Collected data entries:
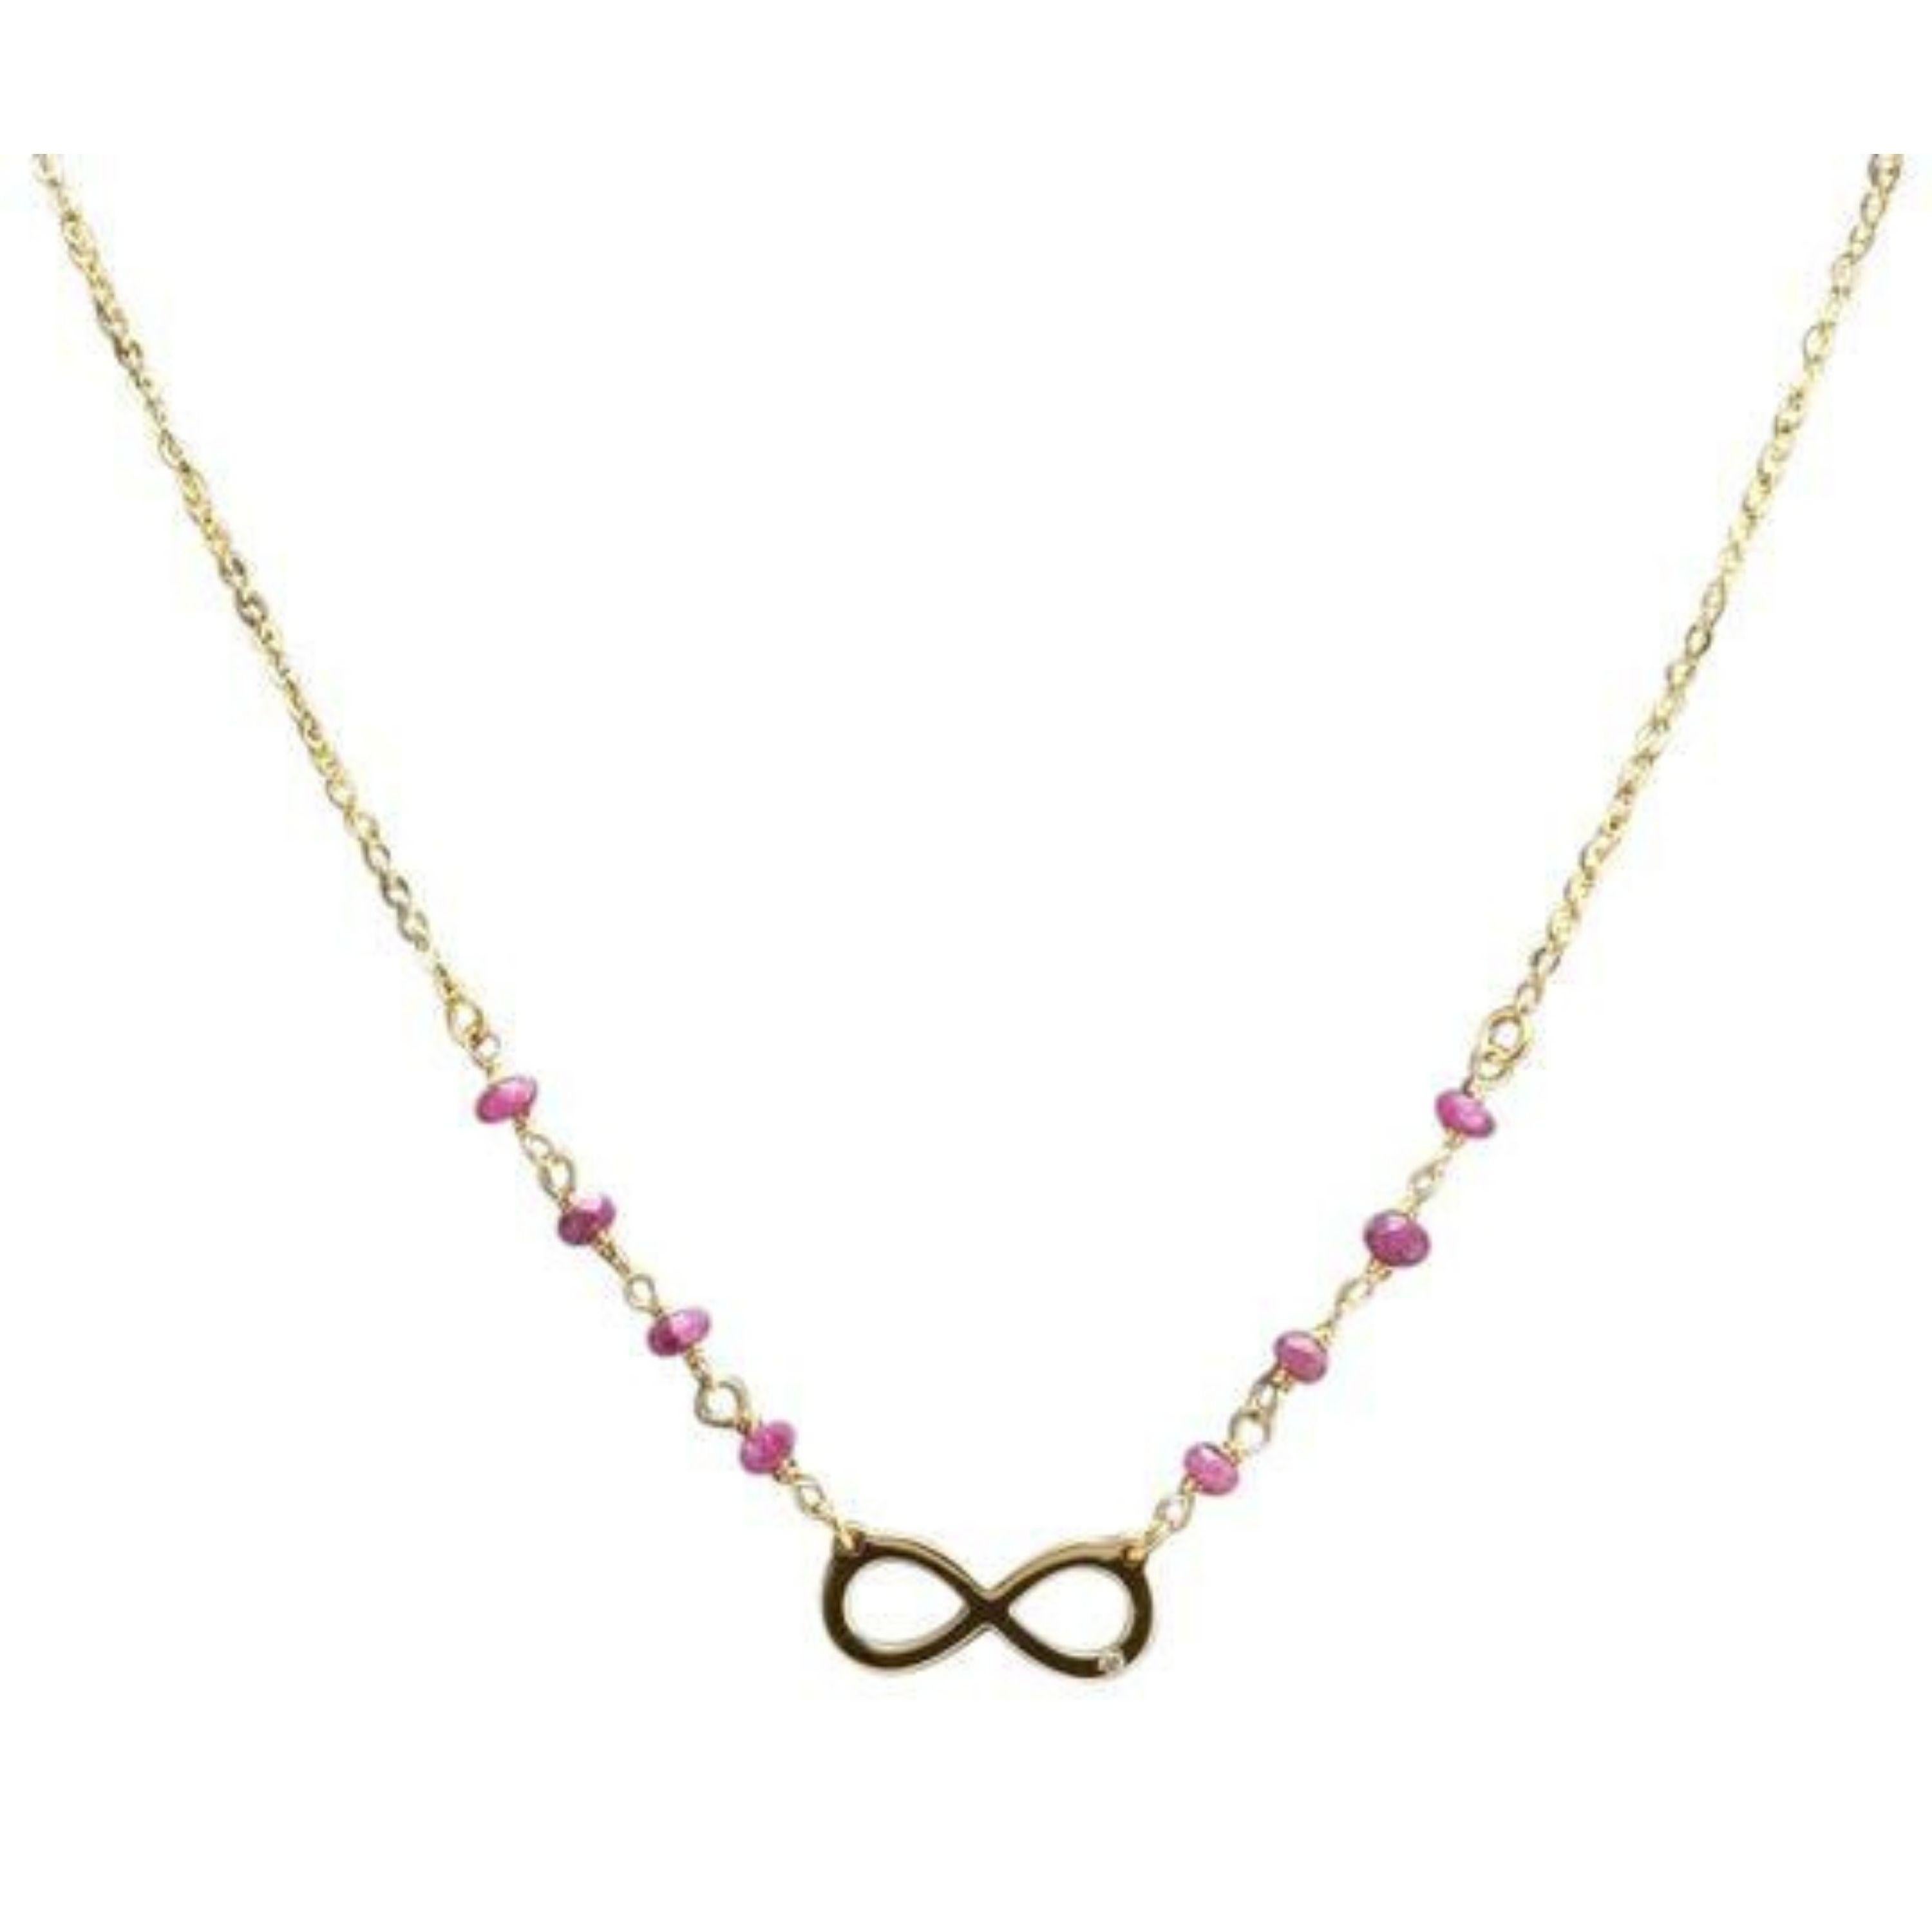 Splendid 14k Solid Yellow Gold Infinity Necklace with Natural Diamond Accent and Rough Rubies

Amazing looking piece!

Stamped: 14k

Natural Diamond Weight: 0.005ct (H / SI2)

Natural Rough Rubies

Chain Length is: Adjustable

Infinity Sign

* [INSTRUCTIONS TO FOLLOW]: All of the entries must be reproduced exactly, with no pictures kept.

* [TASK RESPONSE]:
 Splendid 14k Solid Yellow Gold Infinity Necklace with Natural Diamond Accent and Rough Rubies

Amazing looking piece!

Stamped: 14k

Natural Diamond Weight: 0.005ct (H / SI2)

Natural Rough Rubies

Chain Length is: Adjustable

Infinity Sign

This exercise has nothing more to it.